Aleron's gaze dropped to the ground. Tears stung the corners of his eyes, but he forced them back. "You… took everything from me. You gave me away. They used me. And I still thought… I could never escape from them."
He clenched his bloodied fingers around the broken watch.
"So I made them feel what I felt… I killed them… One by one… with no hesitation. I stared them into their eyes while I slowly blew up their insides one by one…"

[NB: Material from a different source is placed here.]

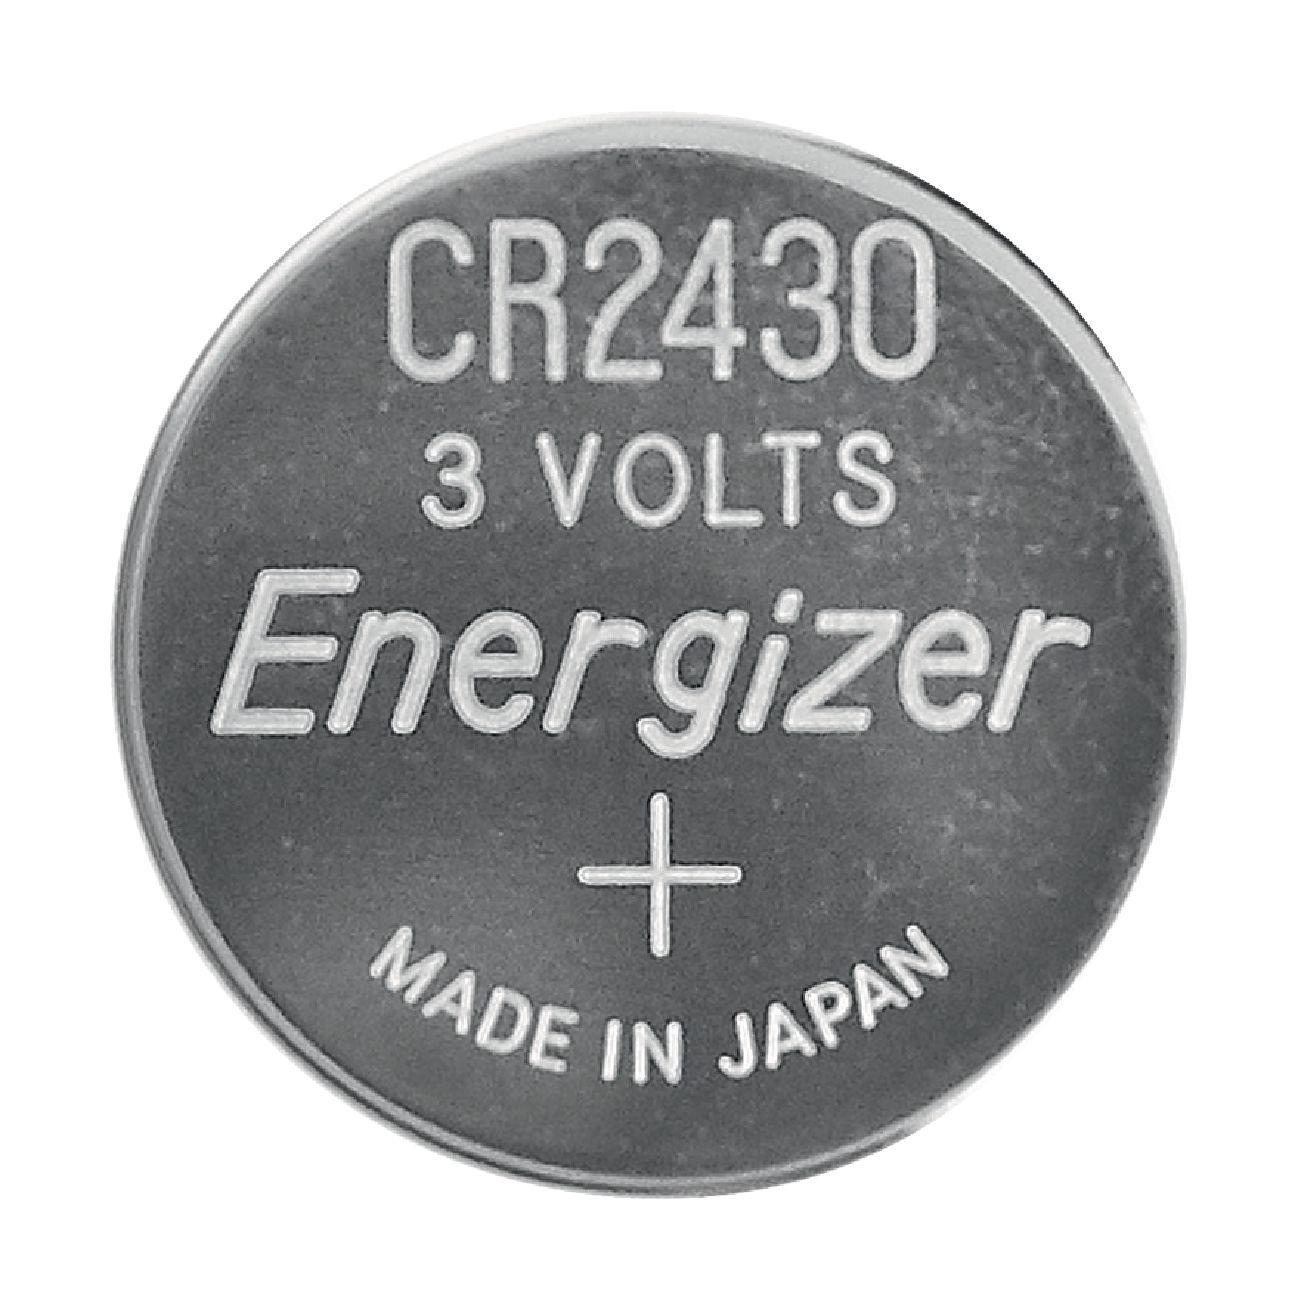 Lithiová Knoflíková Baterie CR2430 3 V 2-Blistr

Roy said nothing, but his eyes softened, barely.
While Aleron had a little bloodied smile on his face, reminiscing on his revenge.

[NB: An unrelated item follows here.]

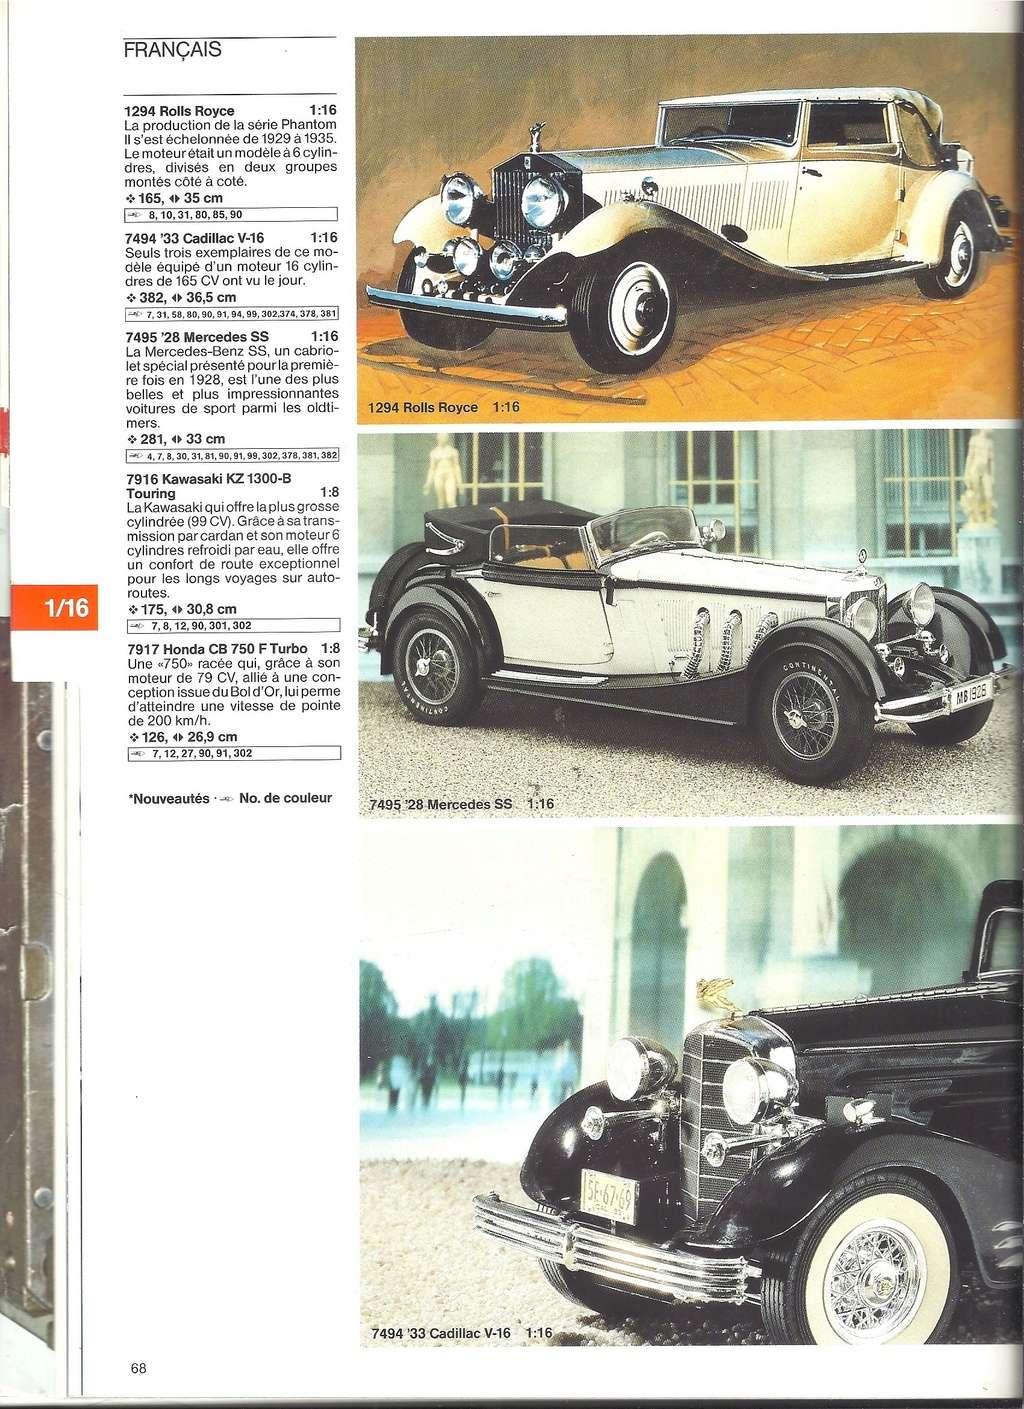 1984 - [REVELL 1984] Catalogue 1984  Revel188

Kieran stepped beside him and lowered himself slightly. "We are not who you think we are. We are not with the Watch. If you stay here, you'll die."
Aleron's breathing grew shallow. "Just let me die already… it's… already too late for me. They'll find me either way… I am a dead man."
Roy walked and stood in front of Aleron, who was lying against the bare rock.
Roy's jaw shifted. "We are Nova in Veil. We have come here to liberate you."
Roy then extended his hand toward Aleron; his eyes, which were initially dim, started to gleam.
For a long moment, Aleron just stared at the outstretched hand at him, almost like he couldn't believe it was real.
Hope had begun to sprawl within him.
Then his fingers reached out… and the moment their skin touched…
BOOM.
A violent shockwave tore through the valley, ripping dust and stone into the air. Three of them turned, and standing at the top of the canyon wall were three silhouettes.
All in black and white uniforms with a silver topa insignia.
One of them stepped forward, their coat flaring. His gloved hand came to rest on the hilt of his blade. Roy's eyes snapped to the sigil on his shoulder.
The Judicator Division.
They were slightly too late.
Kieran's heartbeat hammered once in his ears.
Roy stepped in front of Aleron, his expression turning cold, unreadable.
The Watch member looked down from the ridge. He said nothing. But his gaze lingered on them…
… and for just a split-second, the watch member saw a flicker of focus fall on the small emblem stitched into his sleeve, A cursive, lowercase l.
There was no recognition in them. Only narrowed eyes.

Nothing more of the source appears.